Data shown ::

....................

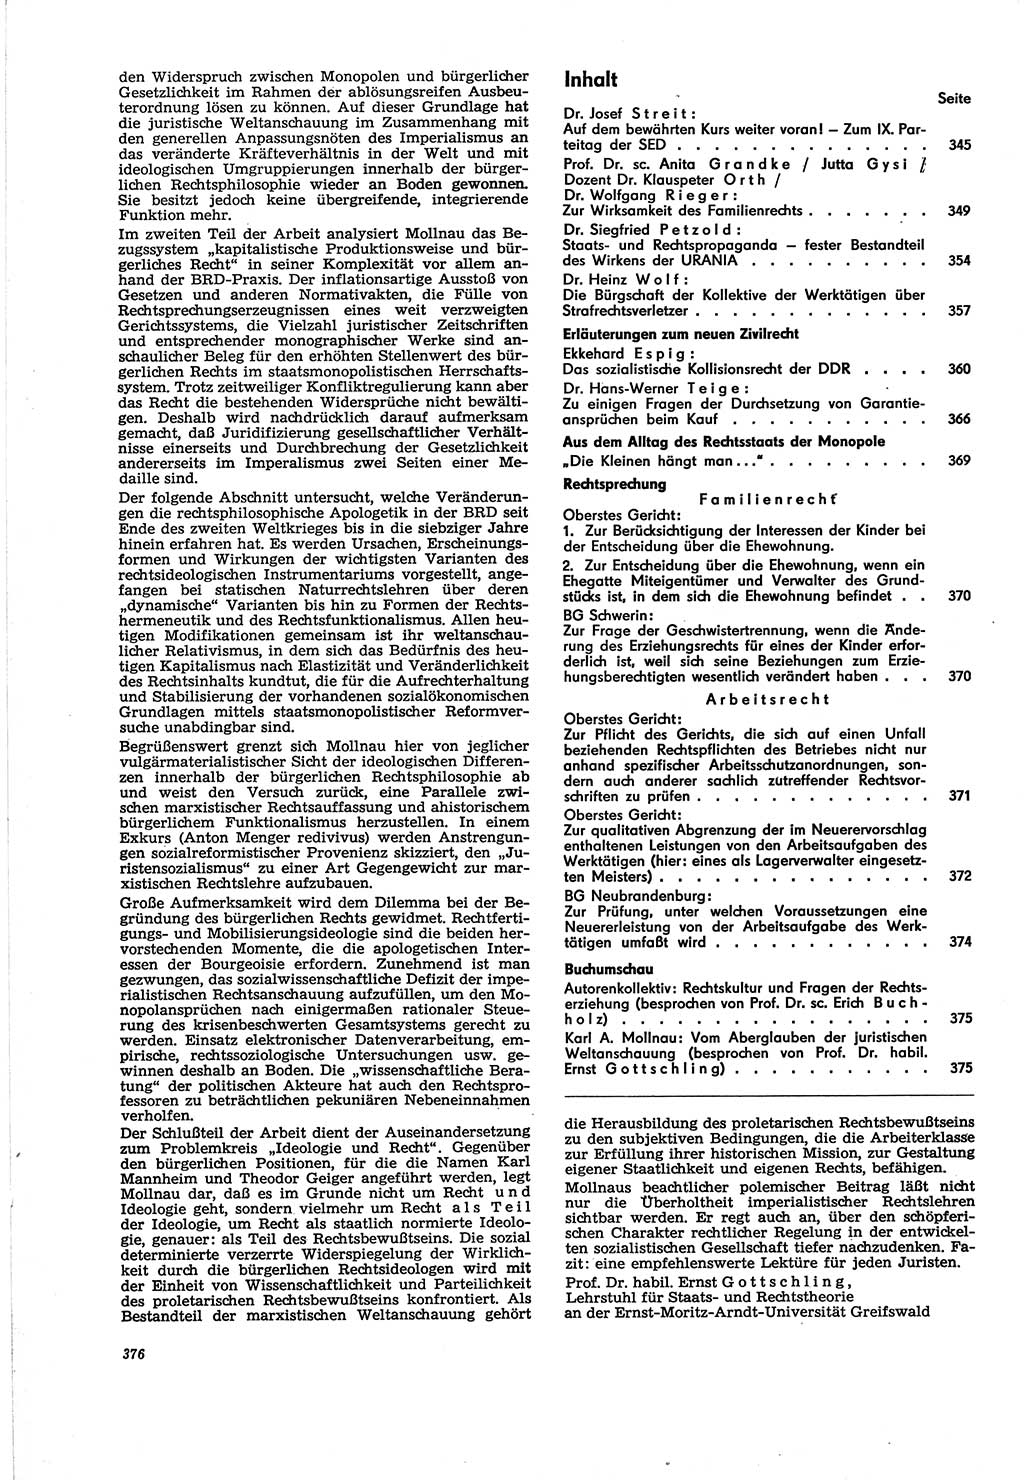 Neue Justiz (NJ), Zeitschrift für Recht und Rechtswissenschaft [Deutsche Demokratische Republik (DDR)], 30. Jahrgang 1976, Seite 376 (NJ DDR 1976, S. 376)
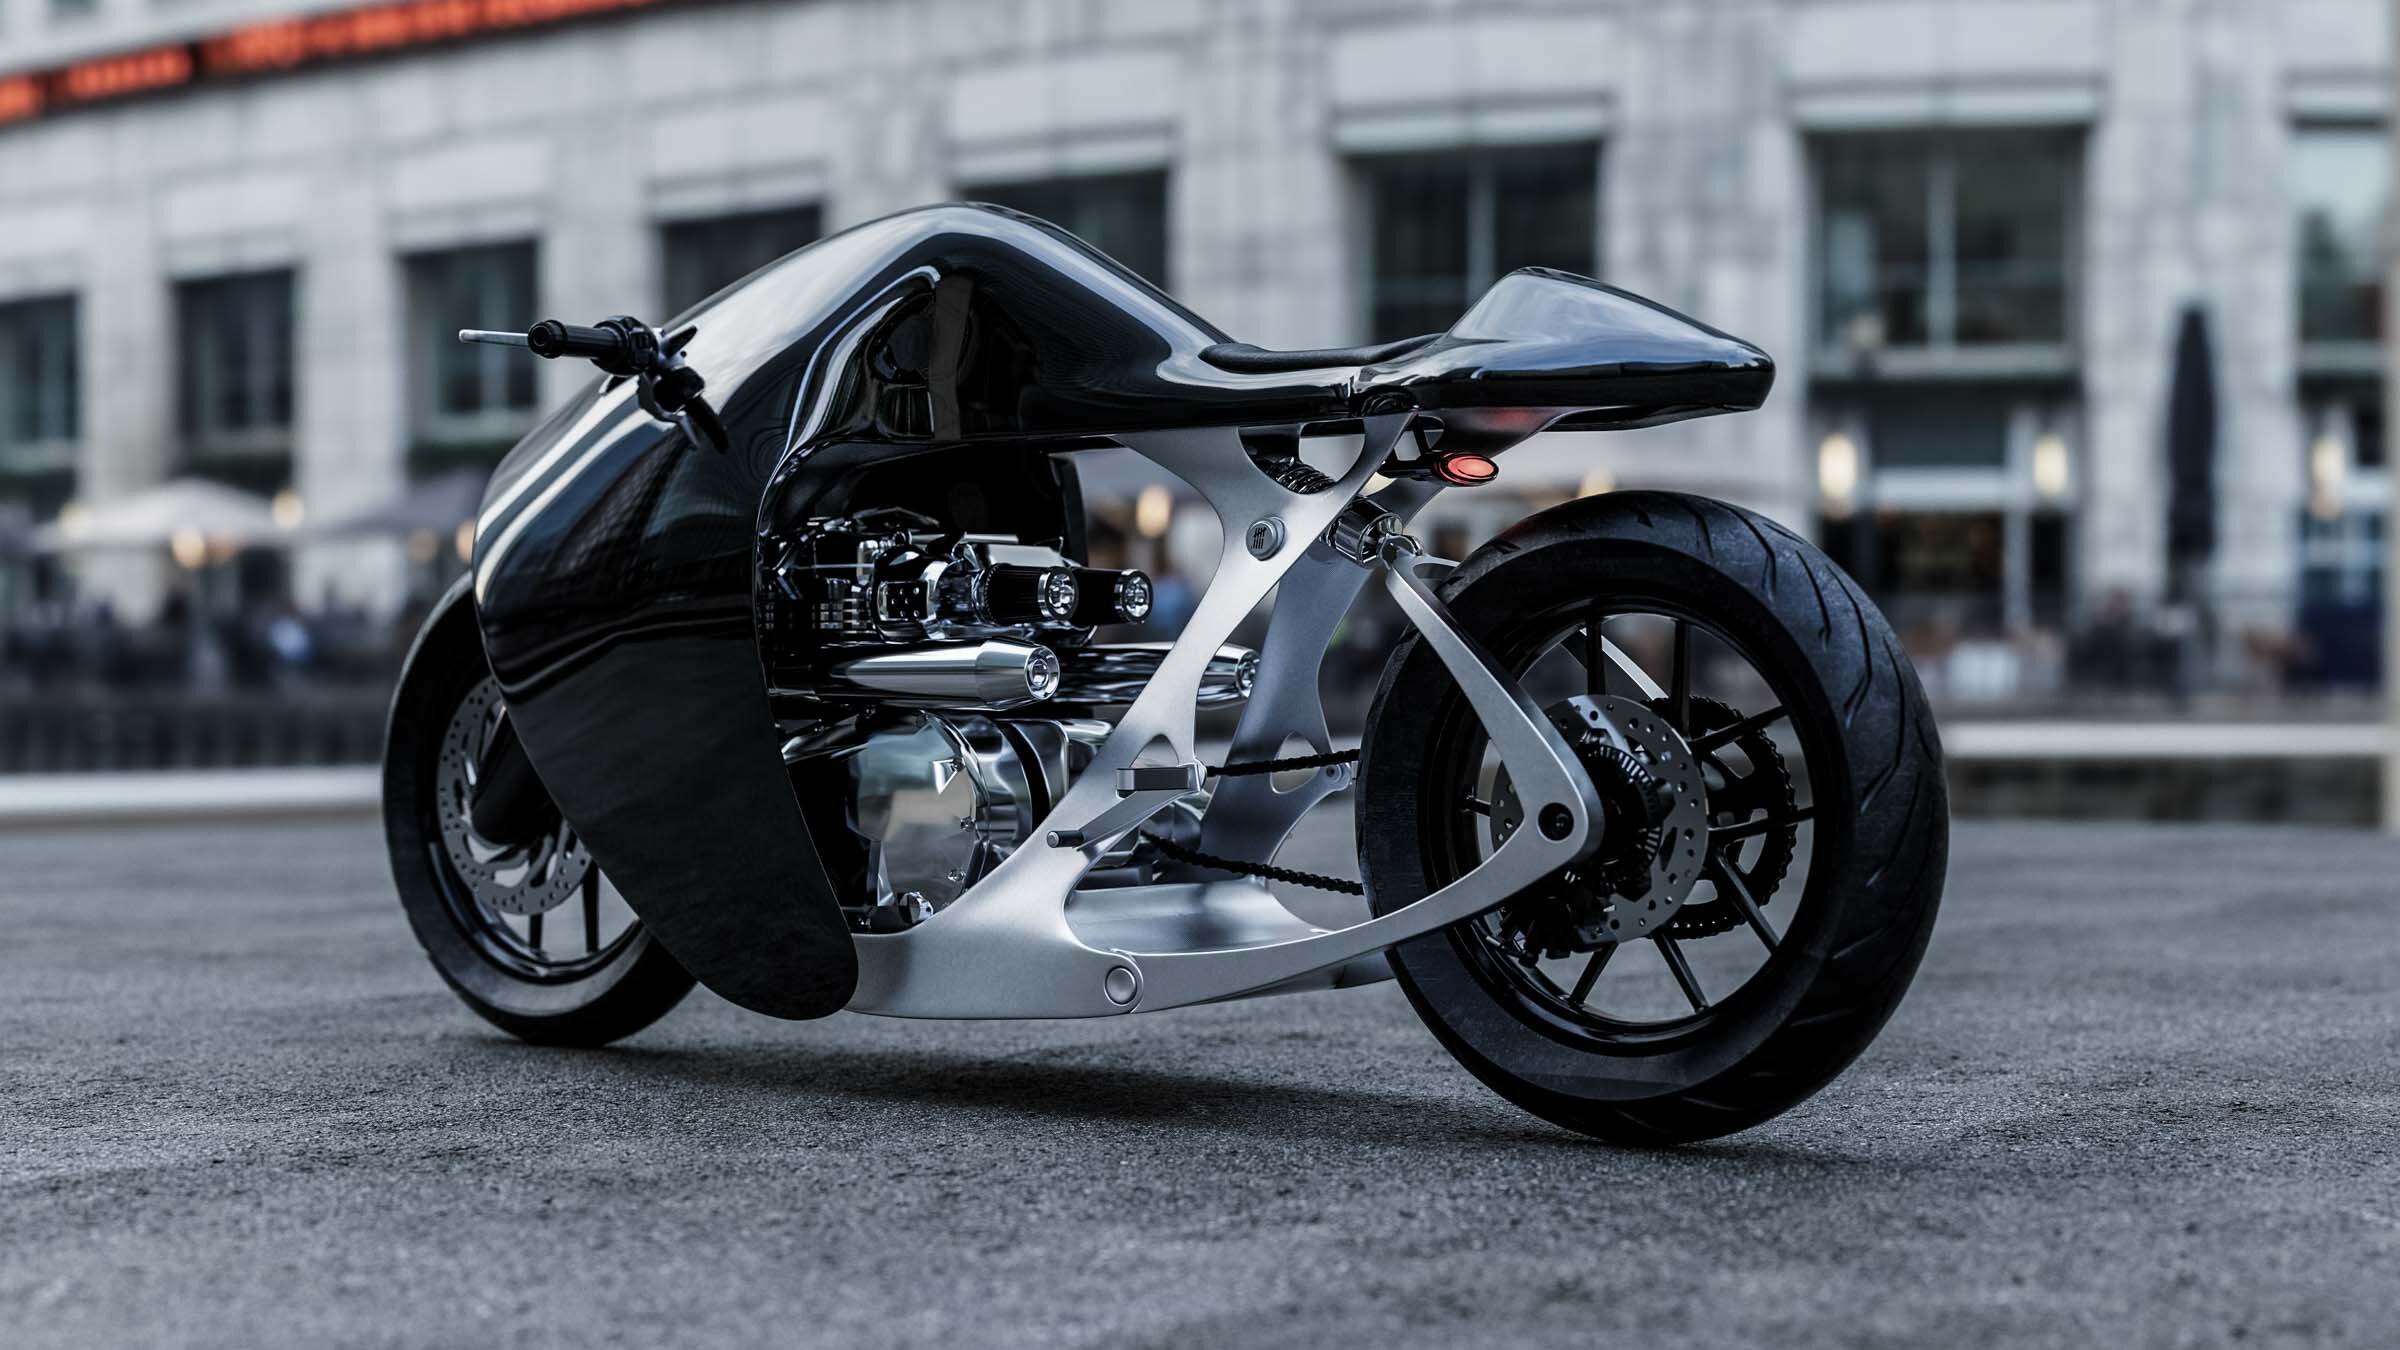 imagen 3 de The Supermarine. La nueva y espectacular motocicleta de Bandit9.
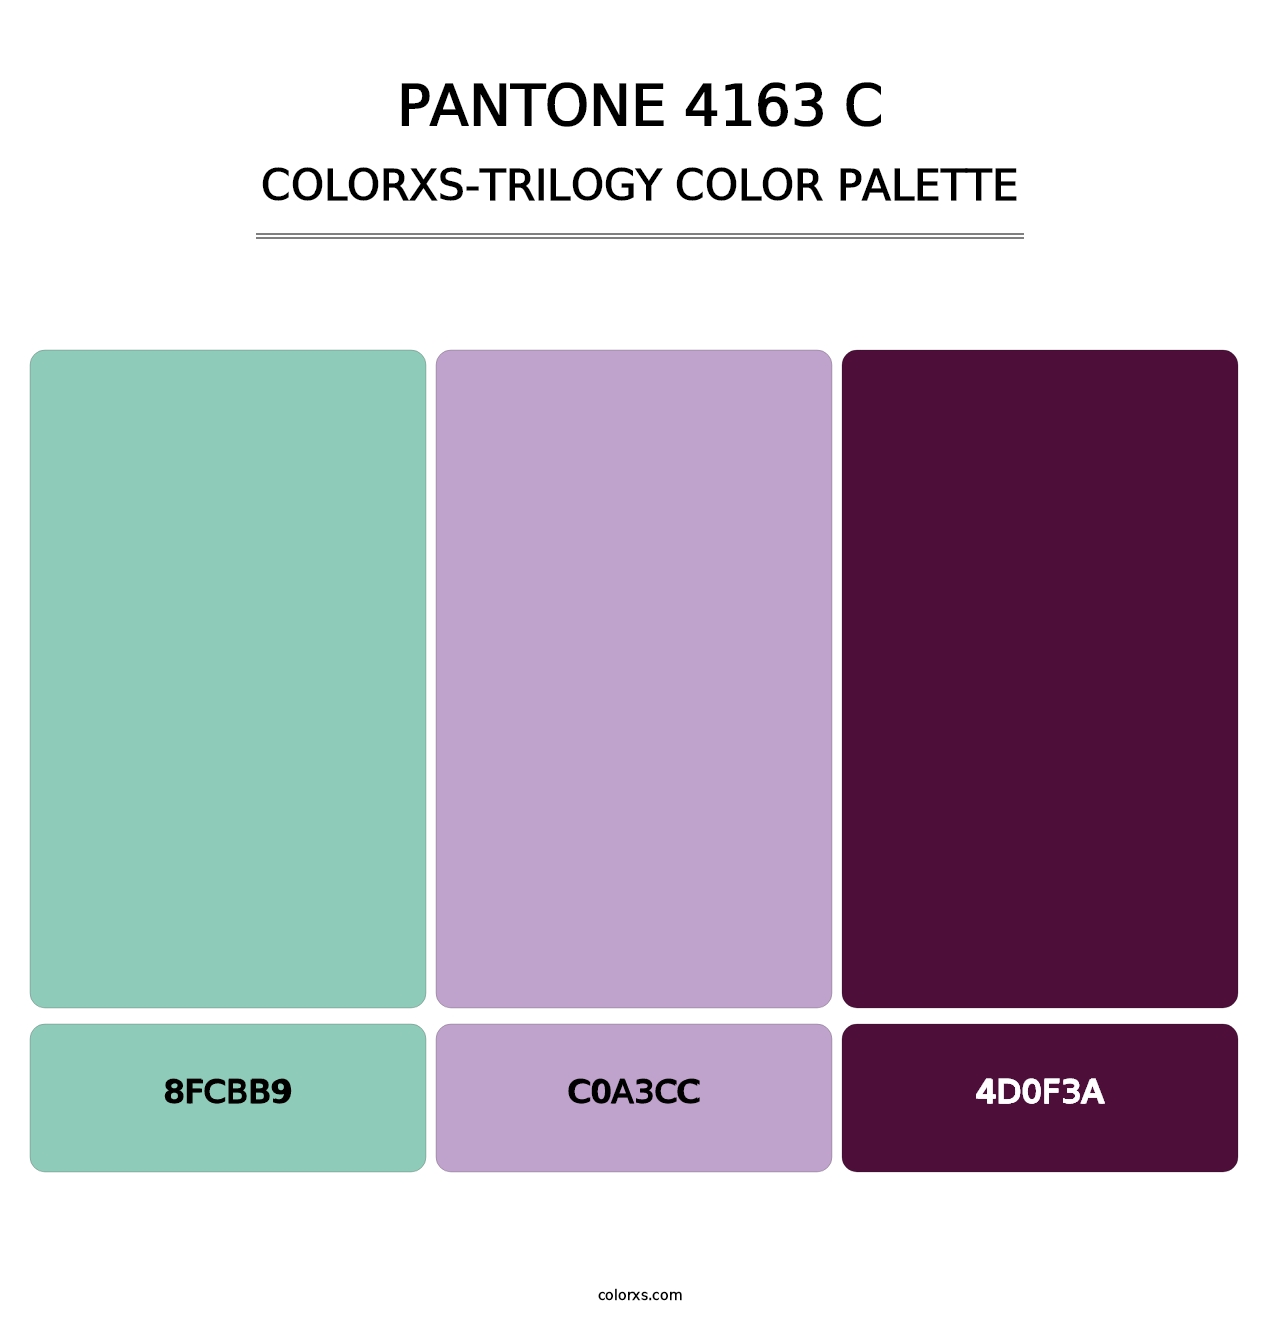 PANTONE 4163 C - Colorxs Trilogy Palette

....................

Exercise :: Quote all the lines above exactly as given. Do not include the pictures.

Result of the task ::
 Neue Justiz (NJ), Zeitschrift für Recht und Rechtswissenschaft [Deutsche Demokratische Republik (DDR)], 30. Jahrgang 1976, Seite 376 (NJ DDR 1976, S. 376)
 imagen 3 de The Supermarine. La nueva y espectacular motocicleta de Bandit9.
 PANTONE 4163 C - Colorxs Trilogy Palette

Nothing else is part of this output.